STAY THIRSTY: Steinbeck wrote in his journal about East of Eden: "The book does move along little by little. And it never moves back, that's one thing about it. It lacks tension and that is exactly what I wanted and intended it to do." At over 600 pages the book reveals a vast and complex story of two families, the Trasks and the Hamiltons, in the Salinas Valley in California just as World War I was about to break out. How did you tackle distilling this huge story into a compelling play?

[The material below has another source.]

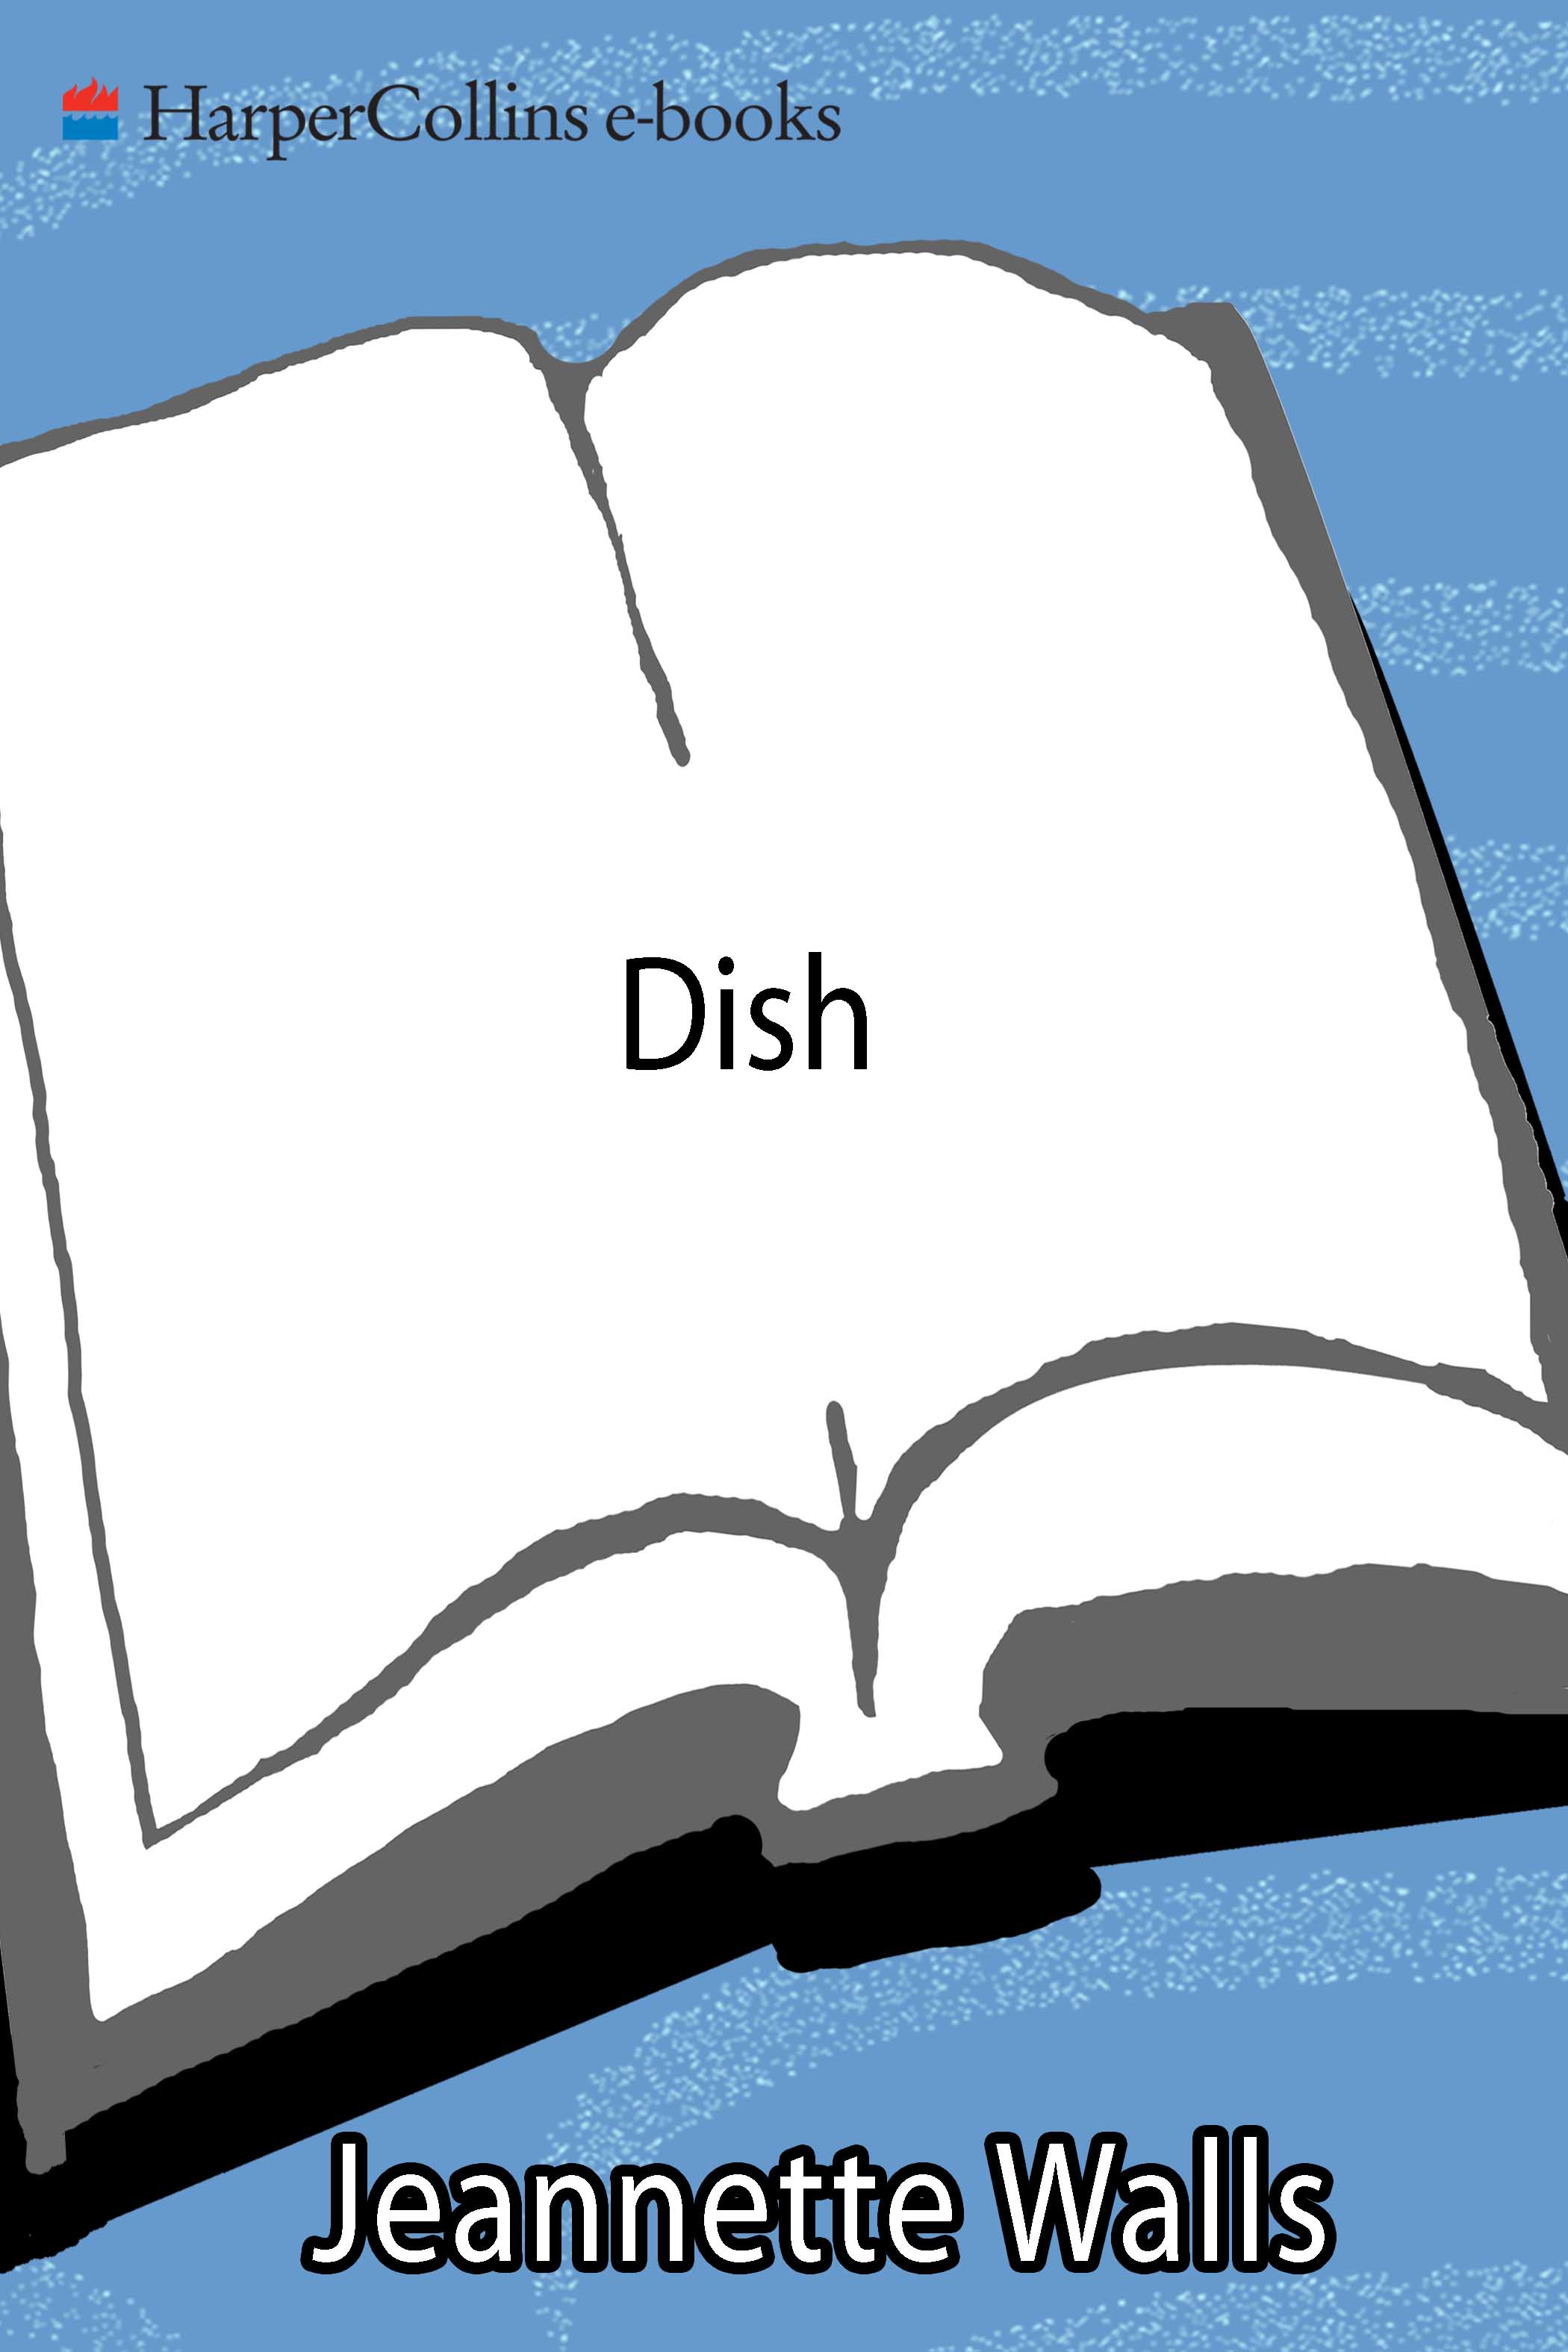 Dish (2000)

FRANK GALATI: My job in adapting a work of fiction for the stage is to find the play hiding in the novel. For me the imperative drama is the story of the Trask family. The Hamilton who is central to the life and destiny of that family is Samuel Hamilton and the spiritual guide for that family is Lee the Chinese houseman. It's the Cain and Able story that must be the focus of the stage play. A father who loves one son above the other. A mother who is the apotheosis of fear and malice. Two brothers most unlike in dignity. The fair angel beloved of his father is Abel, the dark needy one is Cain. The results will not be good. But the stage play must end as the novel does with the death of the father, following the mother's suicide, and the legacy of Cain, the agent of his brother's death, who has learned, as we have, that he has a choice. That's the play Steinbeck has embedded in his sprawling novel.
STAY THIRSTY: East of Eden is Steppenwolf's third Steinbeck production. The 1981 production of Of Mice and Men was directed by Terry Kinney and starred ensemble members Joan Allen, John Mahoney, John Malkovich, Jeff Perry, Gary Sinise and Rick Snyder. The 1988 production of The Grapes of Wrath was directed by you and starred, among others, Terry Kinney, Gary Sinise, Francis Guinan, Tim Hopper and Alan Wilder. That production subsequently went on to Broadway and earned two Tony Awards for you for Best Play and Best Director. East of Eden reunites Steppenwolf ensemble members Galati, Kinney, Guinan, Hopper and Wilder who were all part of the 1988 Tony-winning production of The Grapes of Wrath. How does it feel "getting the band back together" to work on another Steinbeck production after almost thirty years?
FRANK GALATI: "Getting the band back together again after all these years" is a total blast and a joy. We have so much fun together and we are proud of what we have been able to do at Steppenwolf. We have a deep affection for Steinbeck and also a deep trust in him. His widow, Elaine, became a good friend when we were developing Grapes. She was a Texas Cheer Leader and we loved her. To be able to live in the world that her husband created when they were first married is uncanny. They were living in New York City and John Steinbeck wrote for eleven months with a pencil and in long-hand, five days a week, six or seven hours a day from January to November! And Mrs. Steinbeck, Elaine, was his first reader. She read every page. It's hard for me to grasp that I knew her and once held her hand.
STAY THIRSTY: Why do you think the works of John Steinbeck endure from one generation to the next?
FRANK GALATI: The works of John Steinbeck endure because he explored what Faulkner called "the verities of the heart." Yes, Steinbeck was an activist and a champion of the migrant poor, but he was a writer whose ability to create real characters in real and often tragic actions puts him on the level of Eugene O'Neil. He is never weepy. When you see his acceptance speech for the Nobel Prize on YouTube you see how plainspoken, blunt and taciturn he was. He was an artist, a man of courage, and a deeply generous heart. That's why he endures.
STAY THIRSTY: Steppenwolf Theatre is celebrating its 40th Anniversary this season as America's premier ensemble theatre. During those years ensemble members and productions have won many Tony Awards and the theatre was awarded the National Medal of Arts. How important is ensemble theatre today and what role does it play in fostering of new work?
FRANK GALATI: Ensemble theatre is extremely important today and in the future. Theatre is above all a collective art. It must be made by a group. Would we not say the same of the Chicago Symphony Orchestra? Each player, each artist, contributes to the music-making. And Chicagoans know that an ensemble is the creation of a family that plays. Harmony and dissonance. Light and dark. We step into these sensory zones together for a time. And being together, for the audience as well as for the ensemble, is one way of getting warm together against the chill outside.